In [None]:
%pylab inline

In many scenarios, either in simulations or when working with real-world data, it may be necessary to use concepts from geometry when programming. In the following, we are going to have a look at some possible scenarios, and in the second hal of the notebook, we are going to add geometries to maps created from several input formats.

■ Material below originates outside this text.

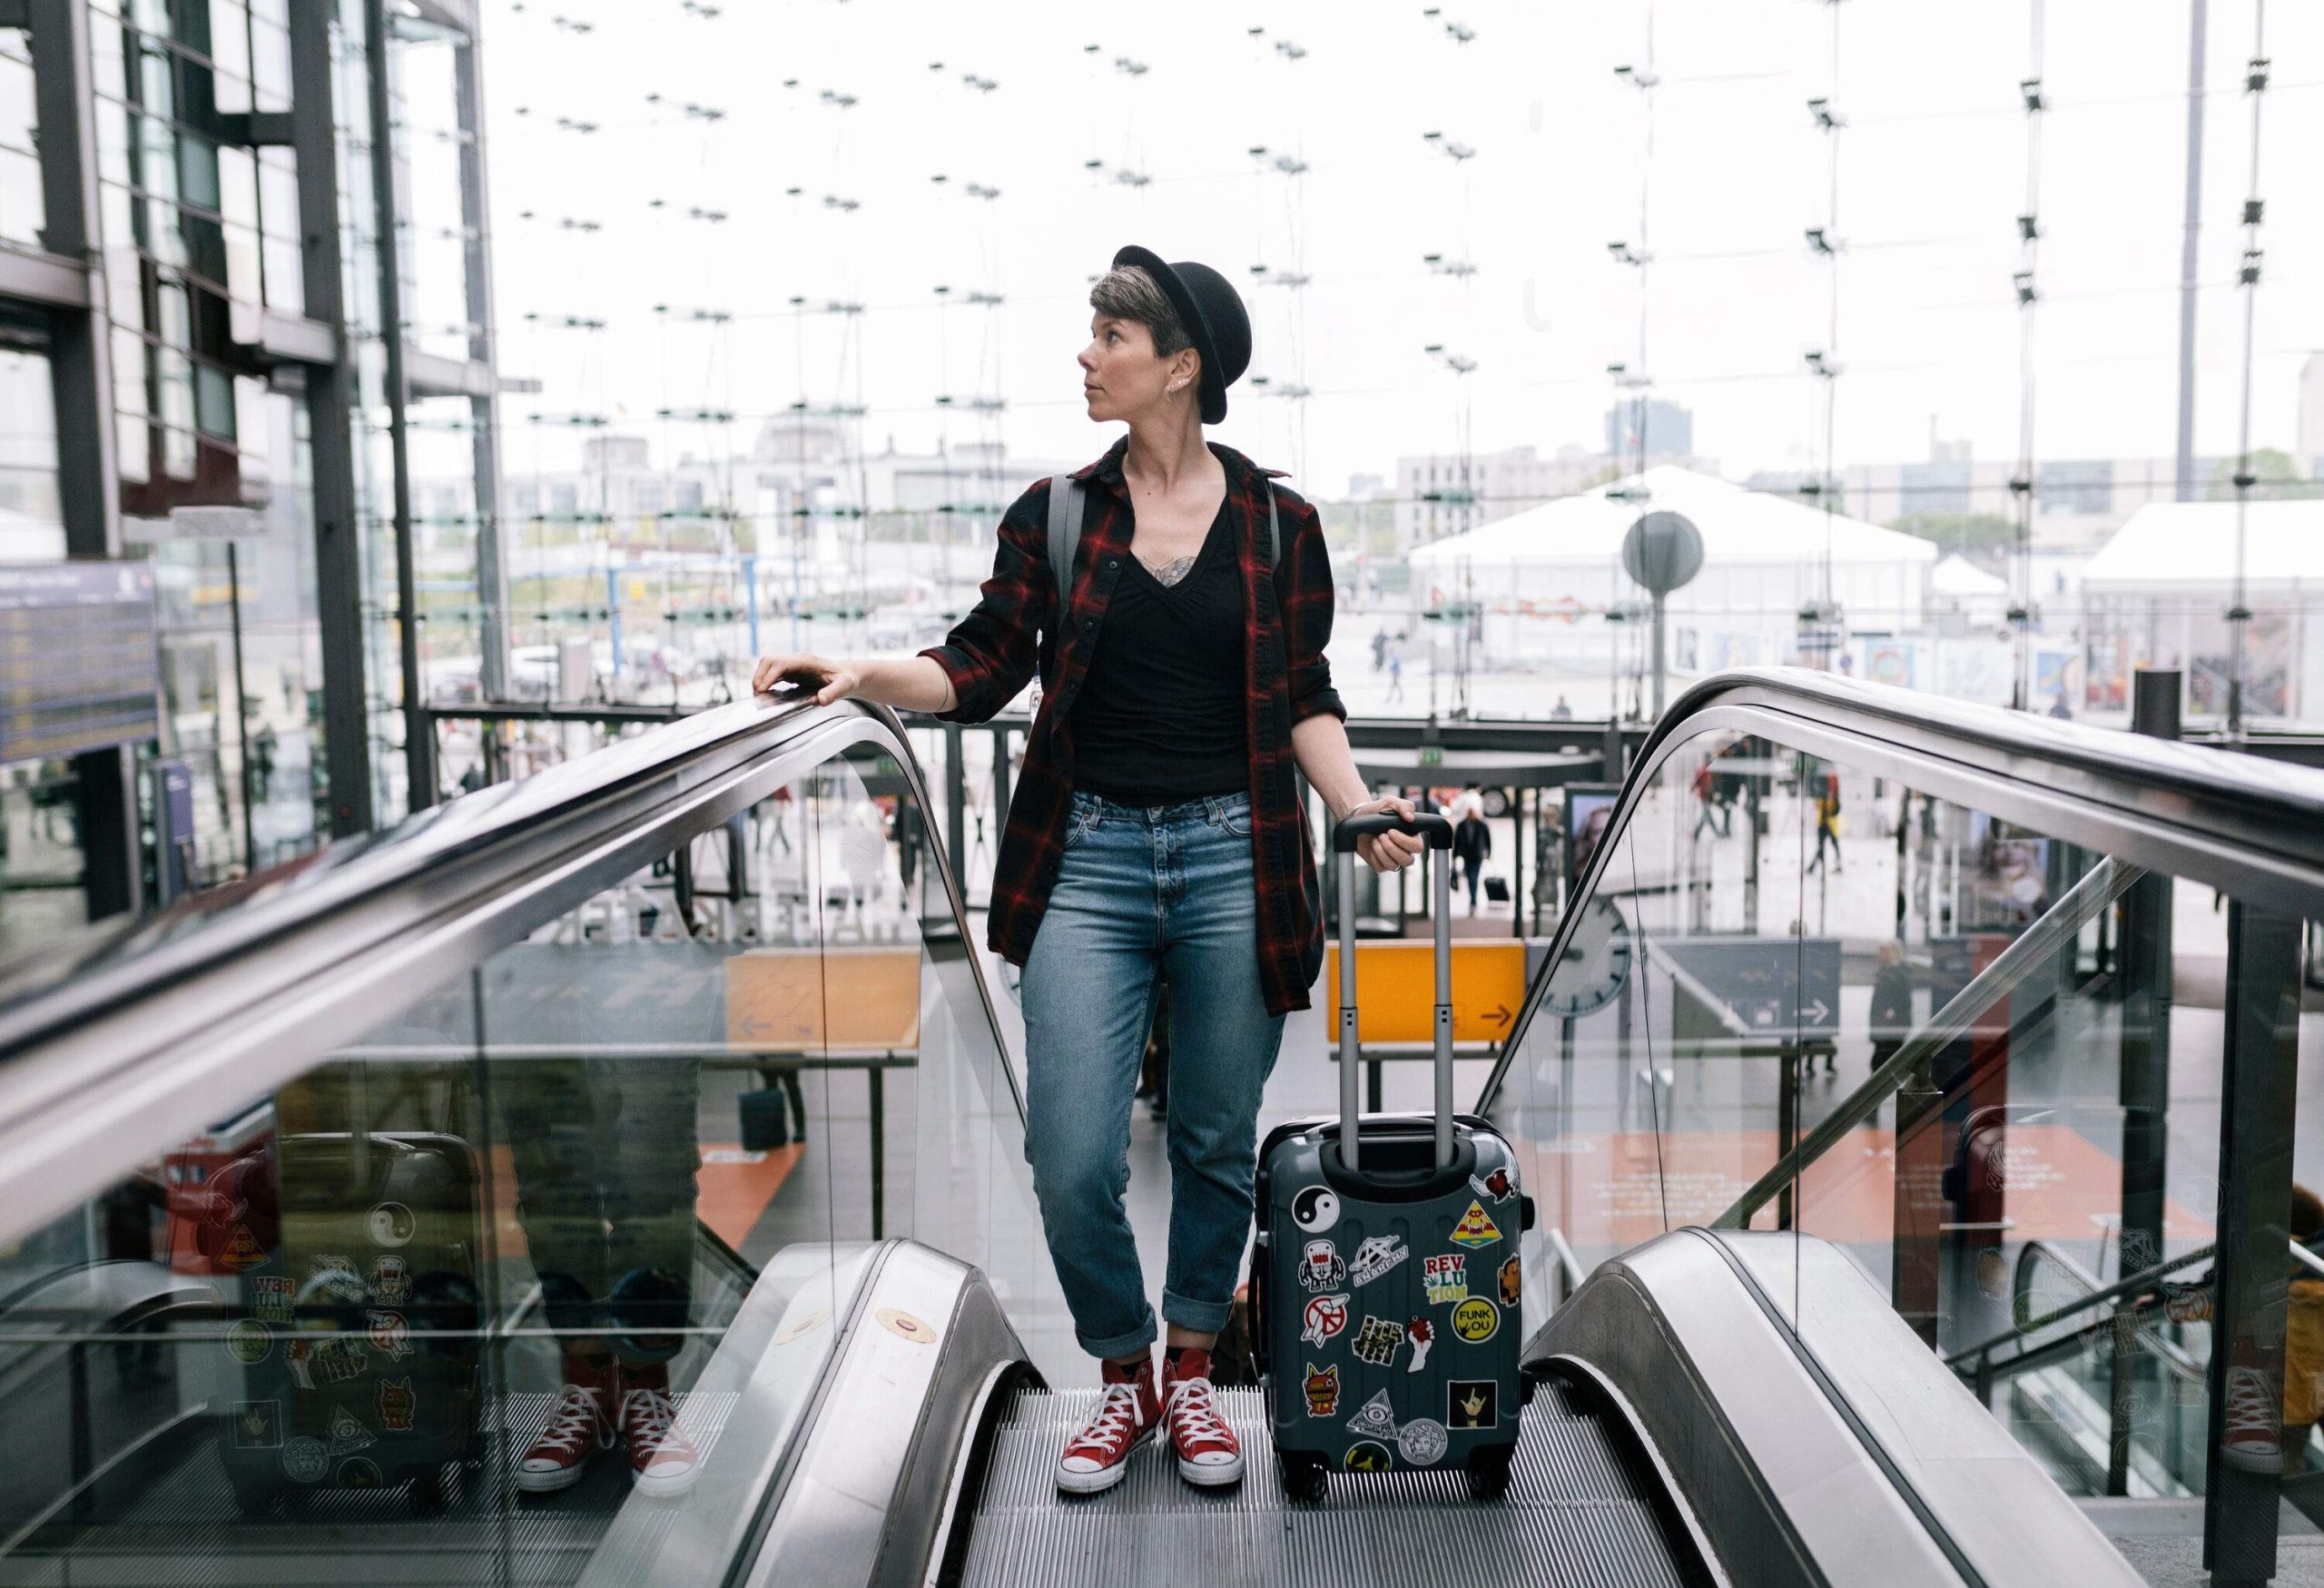 A woman with a suitcase riding an escalator.

# Points, polygons and lines

Perhaps the most common Python library for dealing with shapes is called [`shapely`](https://shapely.readthedocs.io/en/stable/manual.html)

### Spatial Data Model

The fundamental types of geometric objects implemented by Shapely are *points*, *curves*, and *surfaces*. Each is associated with three sets of points in the plane. The *interior*, *boundary*, and *exterior* sets of a feature are mutually exclusive.

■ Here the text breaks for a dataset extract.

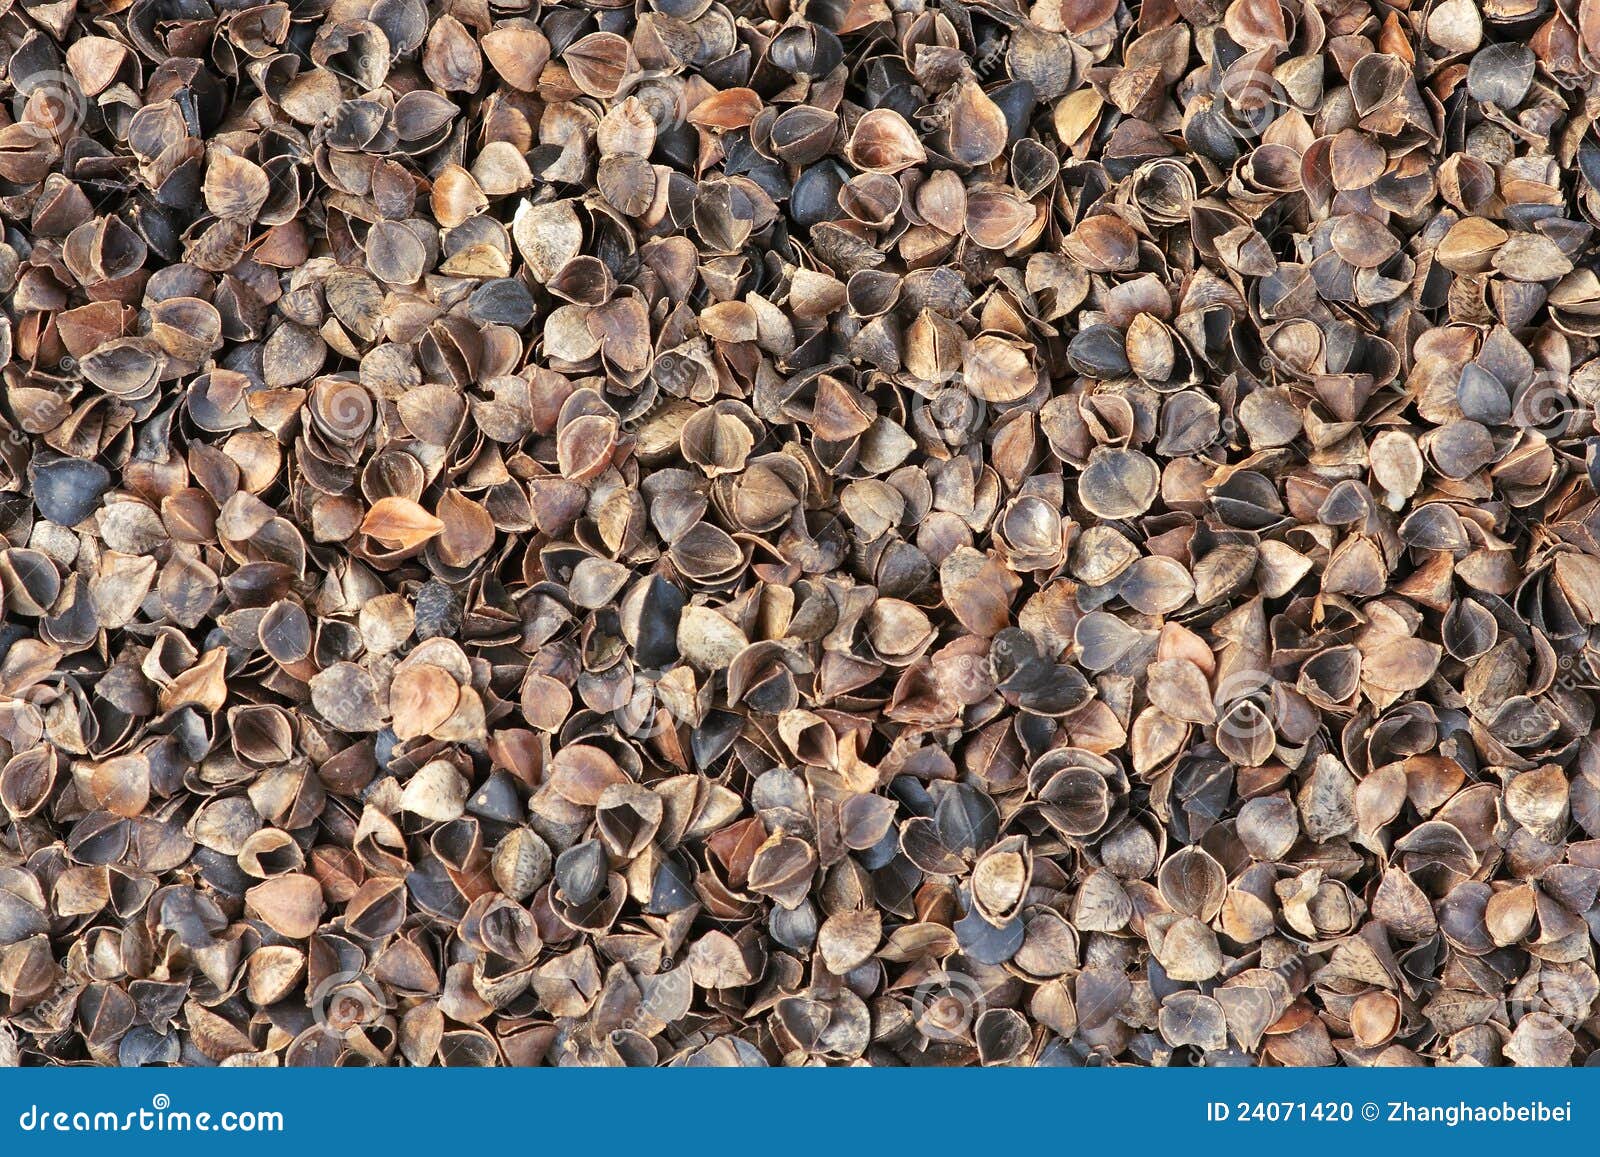 Buckwheat hulls stock photo. Image of brown, natural - 24071420

* A *Point* has an *interior* set of exactly one point, a *boundary* set of exactly no points, and an *exterior* set of all other points. A Point has a topological dimension of 0.
* A *Curve* has an *interior* set consisting of the infinitely many points along its length (imagine a *Point* dragged in space), a *boundary* set consisting of its two end points, and an *exterior* set of all other points. A *Curve* has a topological dimension of 1.
* A *Surface* has an *interior* set consisting of the infinitely many points within (imagine a *Curve* dragged in space to  over an area), a *boundary* set consisting of one or more *Curves*, and an *exterior* set of all other points including those within holes that might exist in the surface. A *Surface* has a topological dimension of 2.

Let's import them!

In [None]:
from shapely.geometry import Point,Polygon,LineString

Let us define a point! We create an object of the `Point()` class, that can be in 2 or 3 dimensions.

In [None]:
p = Point([0,0])

In [None]:
p

or a line

In [None]:
l = LineString([[-2,1],[3,5]])

In [None]:
l

We can create polygons by giving a list of coordinates to the constructor of the `Polygon()` class. We don't have to duplicate the first coordinate in the last element, but then our polygon won't be closed.

In [None]:
square = Polygon([[-1,-1],[-1,1],[1,1],[1,-1]])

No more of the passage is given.